Marvin read the truth in Cathy's tear-stained eyes and shuddering abdomen. Cathy, his beloved Cathy, the wife of Blackamoor, the most detested enemy of those who espoused the cause of d'Augustin, who was Cathy's own father!
Yet there was no time to consider these strange propinquities of sensibility; for the foremost consideration was of Blackamoor himself, standing miraculously within a castle held by his enemies, and betraying no hint of nervousness at a position that should have been perilous in the extreme.
And this infallibly meant that the situation was not as Marvin had supposed it, and that the threads of destiny were tangled now past his immediate comprehension.
Blackamoor in Castelgatt? Marvin considered the implications, and a sensation of cold came over him, as though the angel of death had brushed past him with stygian wings.

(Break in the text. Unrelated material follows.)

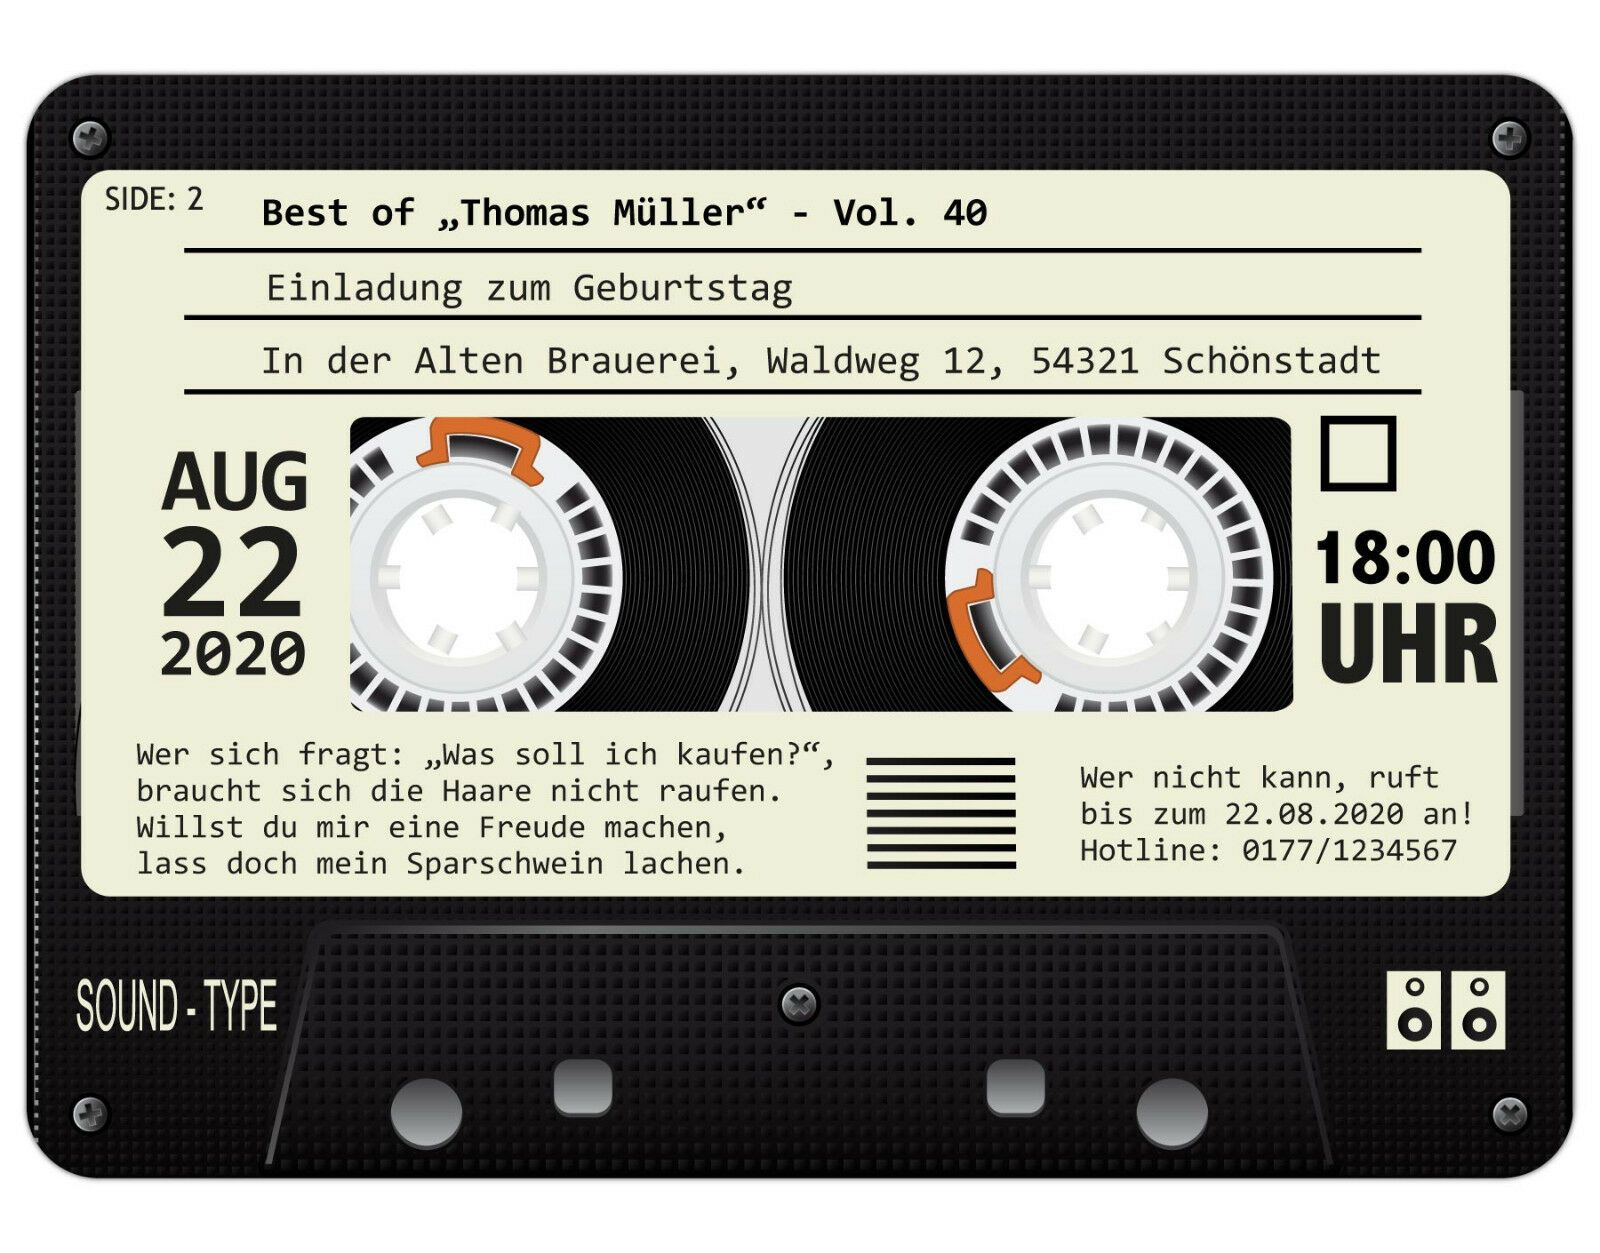 Metalliceffekt Einladungskarten Zum Geburtstag Als Kassette 80er 90er Retro Ebay In 2020 Geburtstagseinladungskarten Einladungskarten Geburtstag Einladungen

Murder lurked in this room – but for whom? Marvin feared the worst, but turned quite steadily, his face a mask of obsidian, and faced the enemy who was his beloved's husband and the captor of her father.
Chapter 29
Milord Lamprey di Blackamoor stood silent and at his ease. He was above the middling height, and possessed a frame of extreme emaciation, punctuated by his narrow, closely cropped beard of jetty black, his deep-swept sideburns, and his hair cut en brosse and allowed to fall upon his forehead in snaky ringlets. And yet the appearance of narrowness was offset by the breadth of shoulder and the powerful swordsman's arm that could be glimpsed beneath his half-cloak of ermitage. He wore his points and josses in the new foppish style, interlaced with macedium pointings and relieved only by a triple row of crepe-silver darturs. His face was coldly handsome, marred only by a puckered scar that ran from his right temple to the left corner of his mouth, and which he had defiantly painted a fiery crimson. This lent to his sarcastic features a look both sinister and absurd.